Denver’s district attorney has cleared two officers in the Denver Police Department’s first officer-involved shooting in more than a year.
“The officers acted with professional restraint in spite of the obvious danger to them,” the District Attorney Mitch Morrissey announced today.
The shooting of David Jerome Maestas, 33, was the culmination of a car chase that followed a home-invasion robbery.
The incident began just after 8 a.m. on Saturday Aug. 6, when Denver police started receiving 911 calls about a nude woman screaming on her front porch and bleeding from her face at the home in the 2900 block of Lafayette Street.
Officers later learned the woman and a man in the home had been the victims of a brutal home-invasion robbery and that the suspect had fired a gun before fleeing in the man’s Jeep.
Both the man and the woman had been beaten and whipped with the pistol, and then tied up with retractable dog leashes in separate rooms.
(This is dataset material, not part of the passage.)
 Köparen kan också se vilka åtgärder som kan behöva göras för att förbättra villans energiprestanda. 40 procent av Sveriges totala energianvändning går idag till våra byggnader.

The woman was able to escape.
Denver police soon spotted the stolen Jeep at East 30th Avenue and High Street, and the pursuit began.
Around 9 a.m., the Jeep was heading south on Downing Street when officers intentionally hit the Jeep’s back bumper, causing it to spin out of control and crash into a light pole.
Even after the Jeep hit the pole, Maestas was trying to run over police officers.
“A citizen witness indicated the suspect “hit the gas again … lunged forward … narrowly missing an officer.”
Another patrol car arriving on scene hit the Jeep again, and it crashed into a large tree.
As officers approached the Jeep, they saw Maestas point a gun at one of the officers, who dropped to the ground thinking the suspect was shooting.
Two of the four officers on the scene then shot and killed Maestas.
Maestas was wanted for a parole violation, and has previous arrests in Colorado dating to 1996 for trespassing, assault, drugs and burglary.
The district attorney stated it would have been legally permissible for the officers to have fired at Maestas sooner.
“They only used deadly force when it was necessary “to defend” against the imminent deadly threat to their fellow officer,” the document from he DA’s office states.
The document also commended the Denver Police department for their cooperation with investigations in all officer-involved shootings.
“For the past 33 years, without exception, every Denver police officer who has fired his or her firearm in an officer-involved shooting has given a full voluntary statement to investigators immediately following the shooting, in spite of the fact they have the right not to do so.”